To a solution of (S)-methyl 12-(2-(2,3-dihydroxypropanamido)ethylamino)-12-oxododecanoate 170-6 (2.99 g, 7.99 mmol) in dry pyridine (57.5 mL) under nitrogen, was added 4,4′-dimethoxytrityl chloride (2.84 g, 8.38 mmol) in one portion. The reaction was stirred at room temperature for two days. Methanol (5 mL) was added to quench the reaction. Pyridine was evaporated. Toluene was added and then evaporated. This was repeated three times. Water (100 mL) was added and this was extracted with ethyl acetate (5×250 mL). The extracts were combined and dried over MgSO4. Evaporation of solvent, followed by column chromatography (1% methanol/dichloromethane-3% methanol/dichloromethane) gave (S)-methyl 12-(2-(3-(bis(4-methoxyphenyl)(phenyl)methoxy)-2-hydroxypropanamido)ethylamino)-12-oxododecanoate 170 (1.70 g, 31.4%) as a viscous oil. 1HNMR (400 MHz, acetone-d6, ppm): δ 7.64-7.70 (br, 1H), 7.47-7.51 (m, 2H), 7.33-7.37 (m, 4H), 7.26-7.32 (m, 2H), 7.20 (dt, J=7.3, 2.1 Hz, 1H), 7.11 (br, 1H), 6.86 (d, J=8.7 Hz, 4H), 4.84 (br, 1H), 4.21 (dd, J=5.1, 3.8 Hz, 1H), 3.78 (s, 6H), 3.60 (s, 1H), 3.25-3.42 (m, 6H), 2.28 (t, J=7.4 Hz, 2H), 1.48-1.62 (m, 4H), 1.21-1.34 (m, 12H).
Compounds 139, 155, 160, 165 and 170 were prepared from compounds 138, 154, 159, 164 and 169 using an identical procedure to that used for compound 18.
Conjugates 153, 158, 163, 168 and 173 were prepared from compound 139, 154, 159, 164 and 169 using an identical procedure to that used for compound 1.
12-aminoundecanoic acid (131) (10 g, 4.64 mmol) was stirred in MeOH at RT. Acetyl chloride (856 μL, 12 mmol) was added dropwise and the reaction stirred for 1.5 hr. The solvent was removed in-vacuo, the residue taken up in MTBE and chilled in the fridge overnight. The resultant precipitate was collected by filtration, washed with ice cold MTBE and dried under high vacuum to afford methyl 12-aminododecanoate 132.
Lithium 10-((3R,4S)-3-((bis(4-methoxyphenyl)(phenyl)methoxy)methyl)-4-(hydroxymethyl)-3,4-dimethylpyrrolidin-1-yl)-10-oxodecanoate (128) (2 g, 3.1 mmol), of methyl 12-aminododecanoate (132) (778 mg, 3.1 mmol), HBTU (1.2 g, 3.1 mmol) and TEA (1.4 mL, 10 mmol) were stirred in DCM at RT O/N. The precipitate was removed by filtration, the filtrate concentrated in-vacuo and the residue purified by column chromatography (5% MeOH, DCM).

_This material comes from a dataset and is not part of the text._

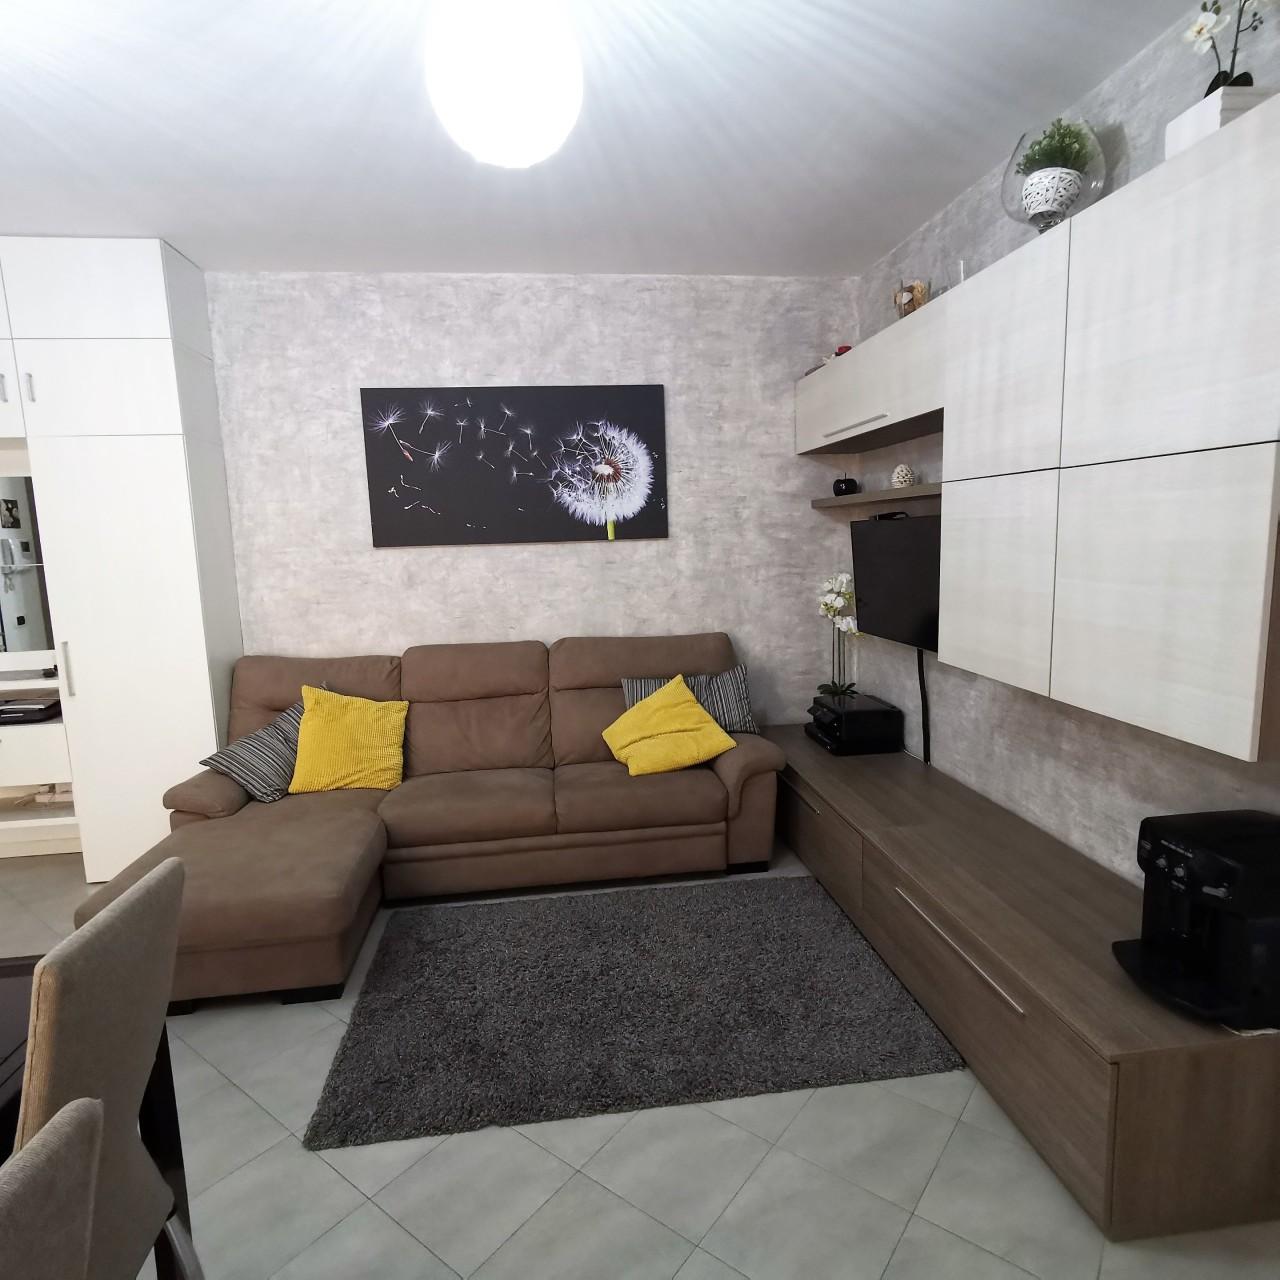 Appartamento in vendita a Baricella, 3 locali, prezzo € 119.000 | CambioCasa.it

TLC showed two close running spots with identical mass that were assigned as geometric isomers and pooled together to give of Methyl 12-(12-(10-((3R,4S)-3-((bis(4-methoxyphenyl)(phenyl)methoxy)methyl)-4-(hydroxymethyl)-3,4-dimethylpyrrolidin-1-yl)-10-oxodecanamido)dodecanamido)dodecanoate (129) in quantitative fashion.
Methyl 12-(12-(10-((3R,4S)-3-((bis(4-methoxyphenyl)(phenyl)methoxy)methyl)-4-(hydroxymethyl)-3,4-dimethylpyrrolidin-1-yl)-10-oxodecanamido)dodecanamido)dodecanoate (129) (3.1 mmol) was stirred in THF:H2O (50:50) with LiOH (88 mg, 3.7 mmol) at RT O/N. Reaction was confirmed by TLC and the THF removed in-vacuo. The aqueous solution was frozen in liquid N2 and lyophilized for 48 hours to give Lithium 12-(12-(10-((3R,4S)-3-((bis(4-methoxyphenyl)(phenyl)methoxy)methyl)-4-(hydroxymethyl)-3,4-dimethylpyrrolidin-1-yl)-10-oxodecanamido)dodecanamido)dodecanoate 130 quantitatively.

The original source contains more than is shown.